I worked at L.A. County Public Library (which is completely separate from the L.A. Public Library – which is the city system) starting in high school and all through UCLA. I ended up getting a librarian job with the L.A. County Data Processing Department after graduation, which eventually led to me becoming a programmer/systems analyst. Funny how things turn out!

I worked in a closed-stack library in college, and “paging” book requests was a great way to discover books, plays, even whole subjects of study. That element of serendipity is a little lost now; algorithms to predict your taste narrow the range of possibilities rather than broadening them, it seems to me. I suppose going down a Wikipedia hole is sort of related, but it doesn’t have the “thereness” of browsing the stacks.

Also, there was a special collection in the basement and I was terrified to go down there at night…

All of the public libraries around here (in two and a half separate systems) don’t allow their rooms to be reserved for for-profit tutoring-- I’ve asked. It probably happens anyway, but the tutors have to lie about it.

I’ve noticed this myself and as a unrepentant lover of real books (the dead tree variety), it disappoints me greatly. I don’t like e-books at all and I refuse to read them if I can get a physical copy instead.

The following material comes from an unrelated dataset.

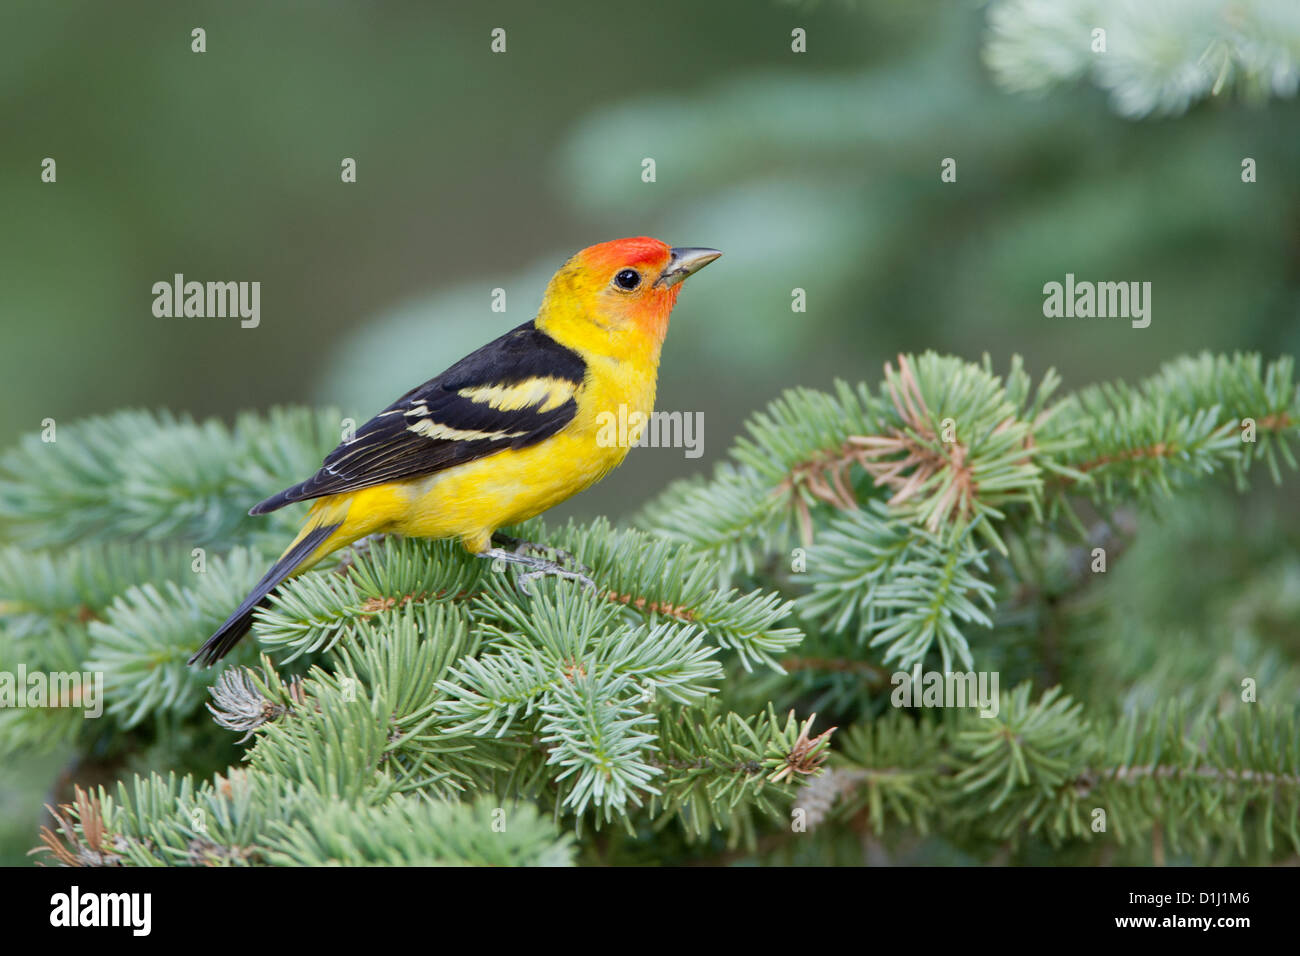 Western Tanager perched in Spruce birds bird songbird songbirds Ornithology Science Nature Wildlife Environment tanagers Stock Photo

I used to keep up membership in my local university library so I could have access to specialist books for my research, however I’ve found that most of the new books they’ve acquired are e-books only and many of their existing physical books have been moved off-site to the warehouse due to lack of being checked out any time recently. I’ve found it way easier to just buy the books I want for my research, though it’s a lot more expensive than library membership. My book-buying now runs into the thousands of dollars per annum. I guess that’s the price of “progress.” I wonder how long it will take before I have more books than the bloody library!

Do you have a Carnegie library in your area? Is there a system where you can order books from another branch, at least?
I guess I’m lucky – the Carnegie Library of Pittsburgh SERIOUSLY kicks ass. They still have tons of dead trees, get new ones all the time (and I’ll NEVER give mine up!) as well as e-books.

If you don’t want to buy an e-book reader, you CAN download the software onto your computer – I did that, for books that are only available as e-books.

Modern libraries highlight something interesting beyond themselves: How do you reinvent yourself to be the same but different? You realize that circumstances have changed and so should you but you still want some link to your “essence” for lack of a better term. Movie sequels, businesses in industries undergoing disruptive technological change and workers face that problem.

So, both generally and specifically for libraries, how do you determine what you’re really about and what that implies in a changing world?